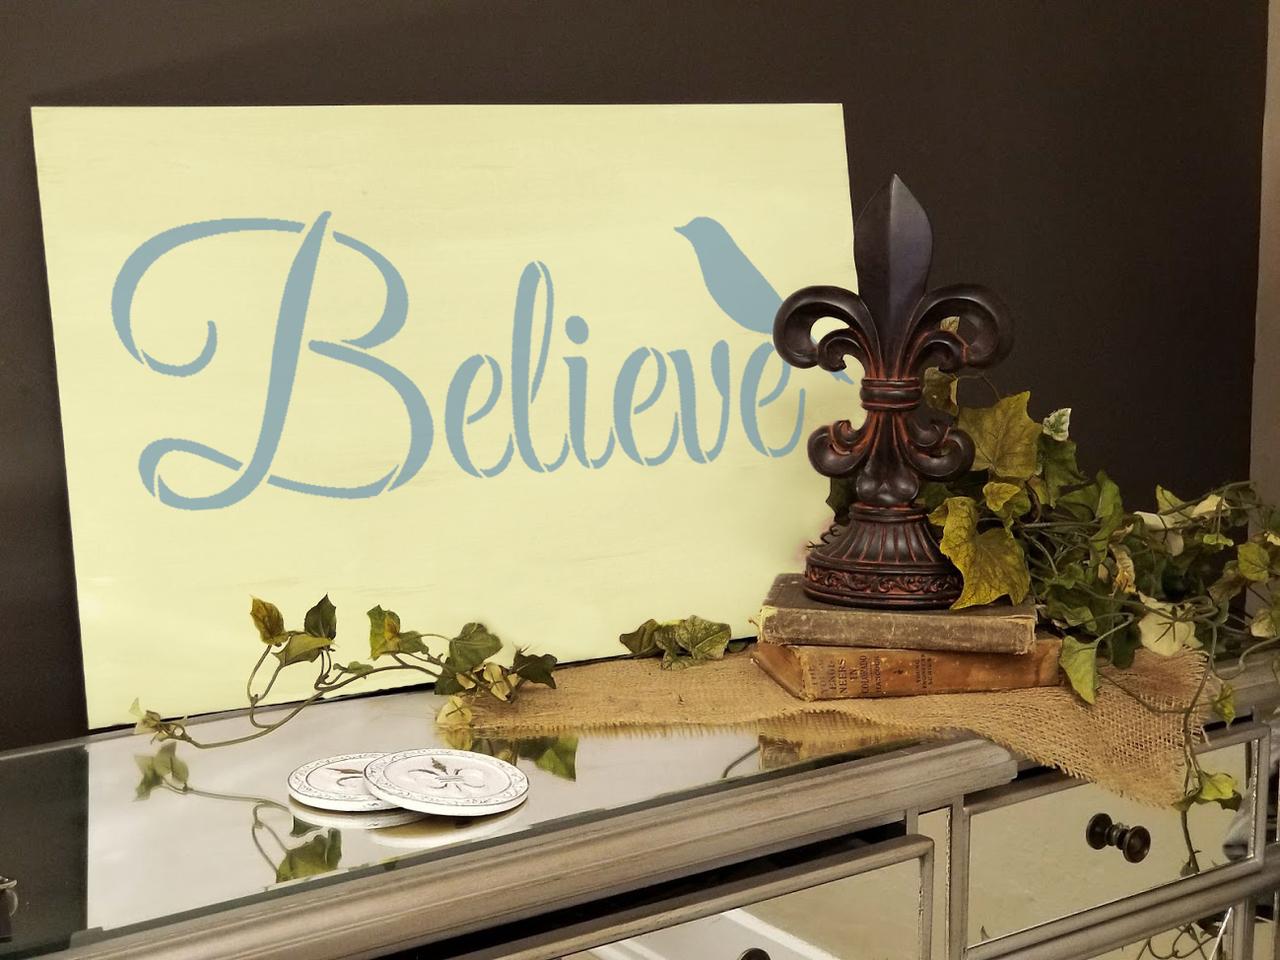 "Believe Word Stencil with Bird by StudioR12 -  Faith & Inspiration Word Art - 24"" x 9"" - STCL2412_4"
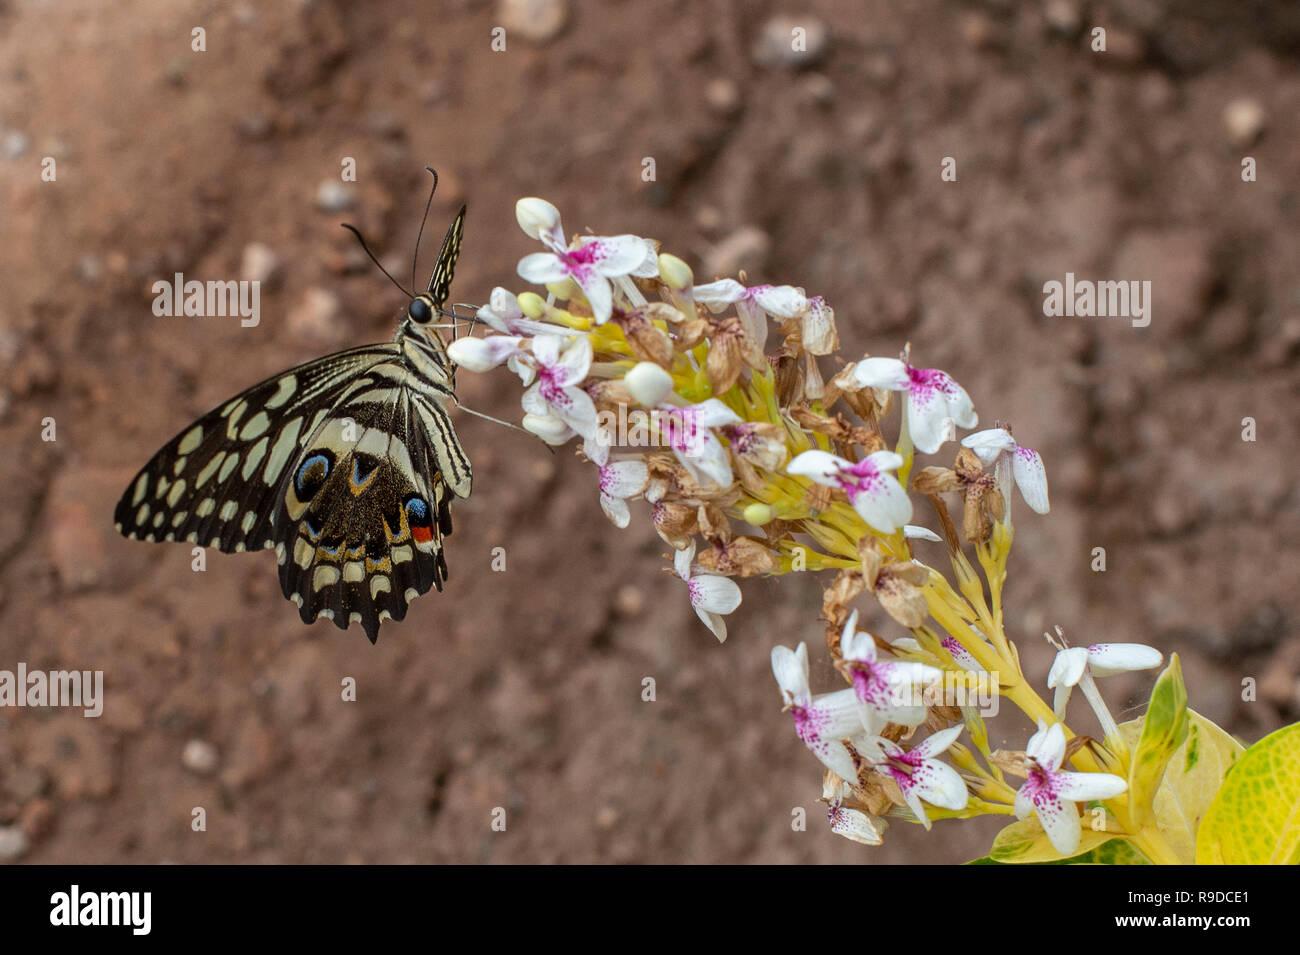 Citrus butterfly, Papilio demodocus, Papilionidae, Burkina Faso, Africa - Stock Image
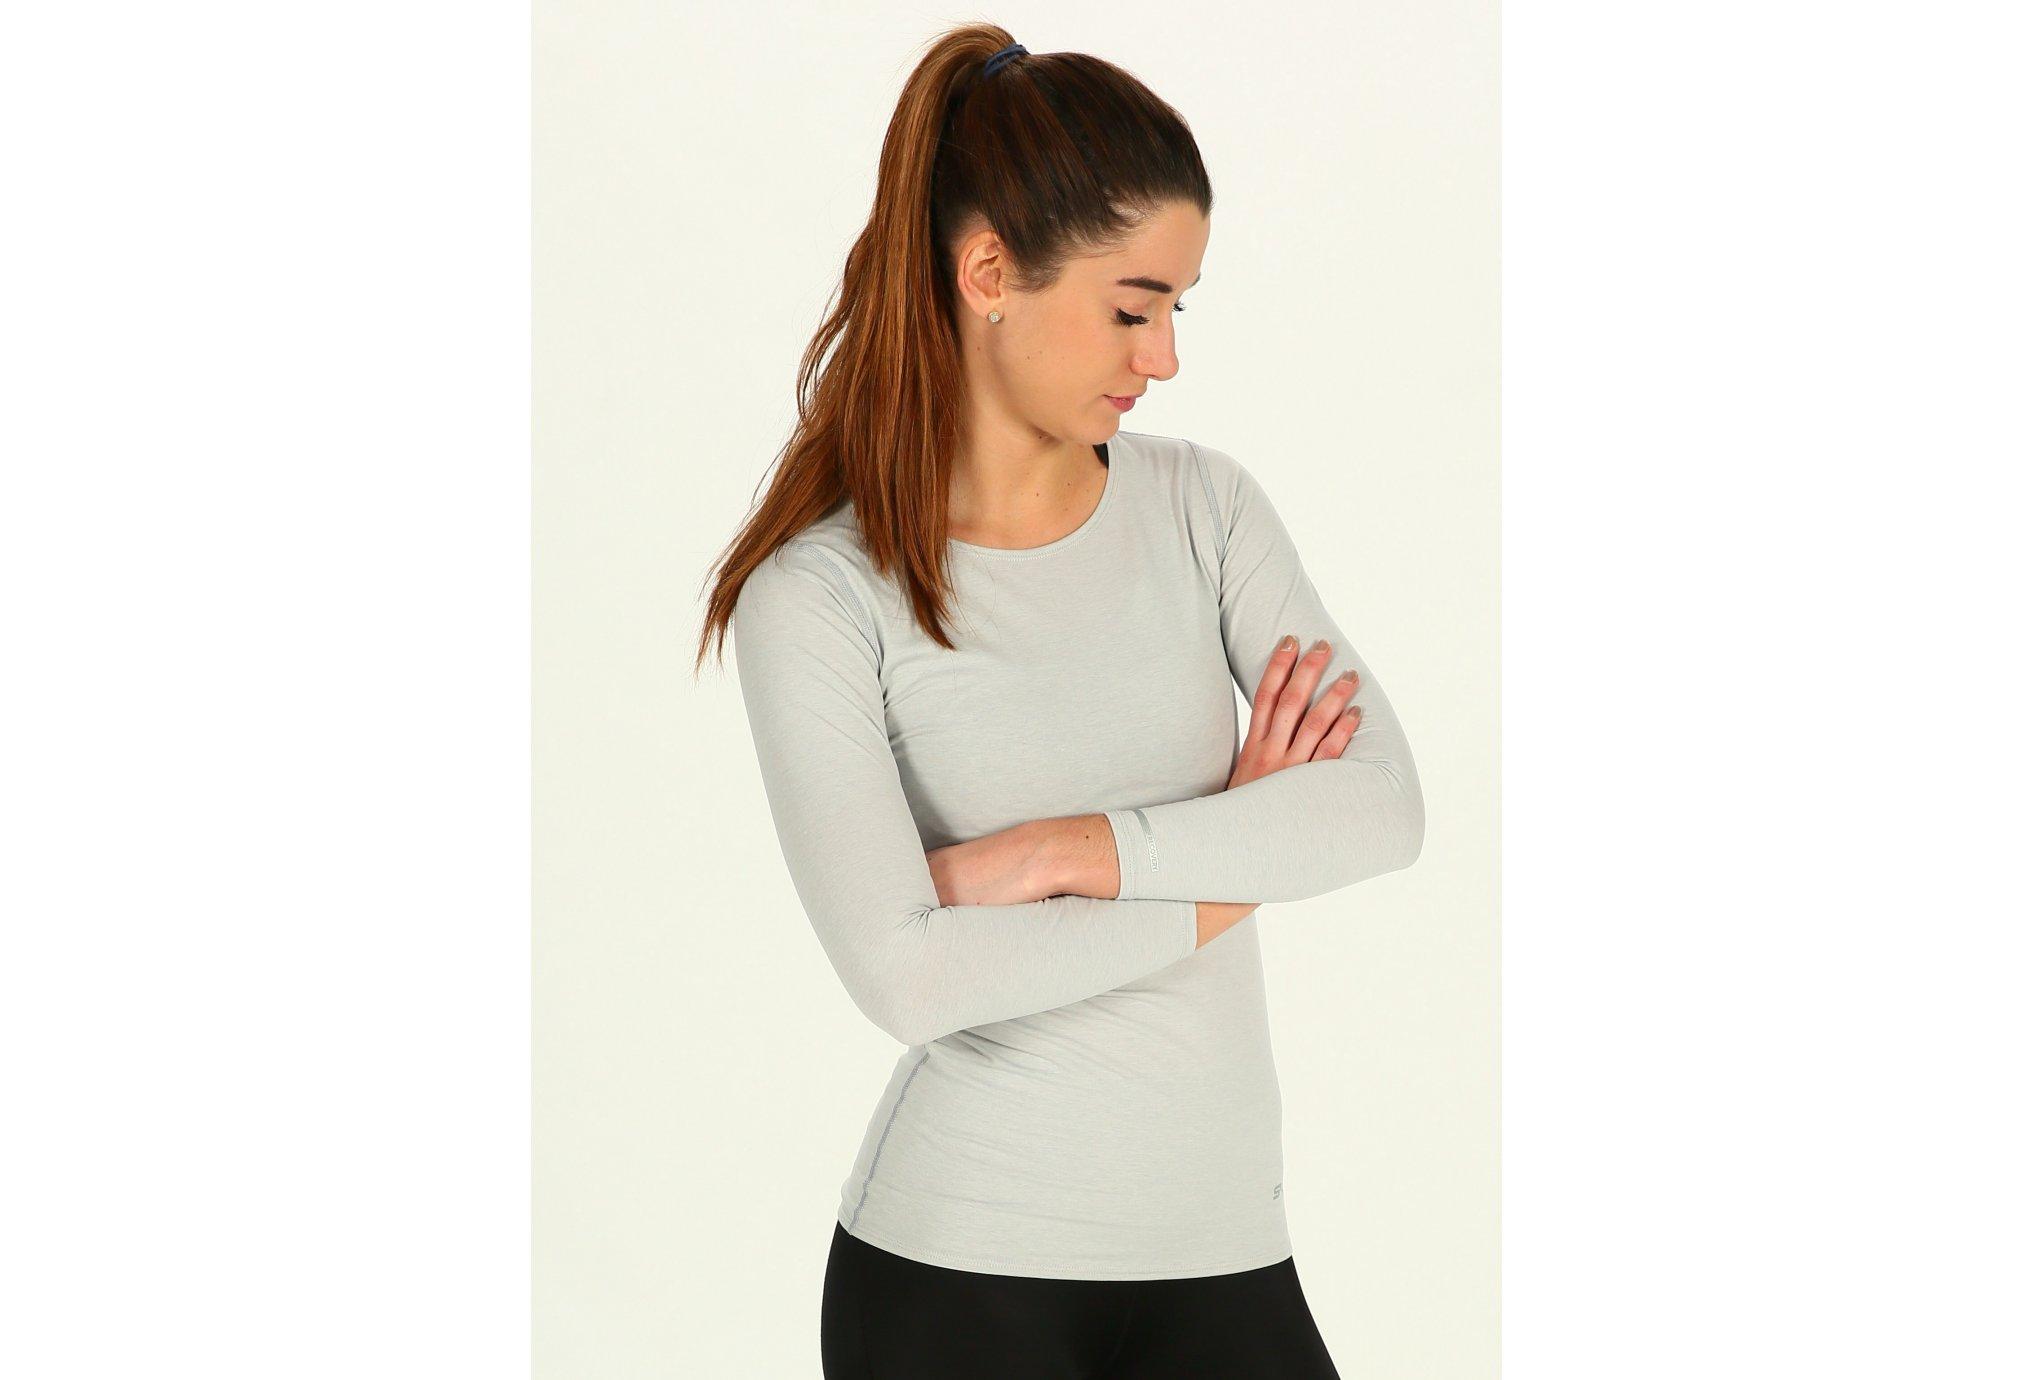 Skins DNAmic Sleep Recovery W vêtement running femme
....
● **Exercise brief**
In full and without error, repeat the listing above, omitting its images.

● **Output**
 "Believe Word Stencil with Bird by StudioR12 -  Faith & Inspiration Word Art - 24"" x 9"" - STCL2412_4"
 Citrus butterfly, Papilio demodocus, Papilionidae, Burkina Faso, Africa - Stock Image
 Skins DNAmic Sleep Recovery W vêtement running femme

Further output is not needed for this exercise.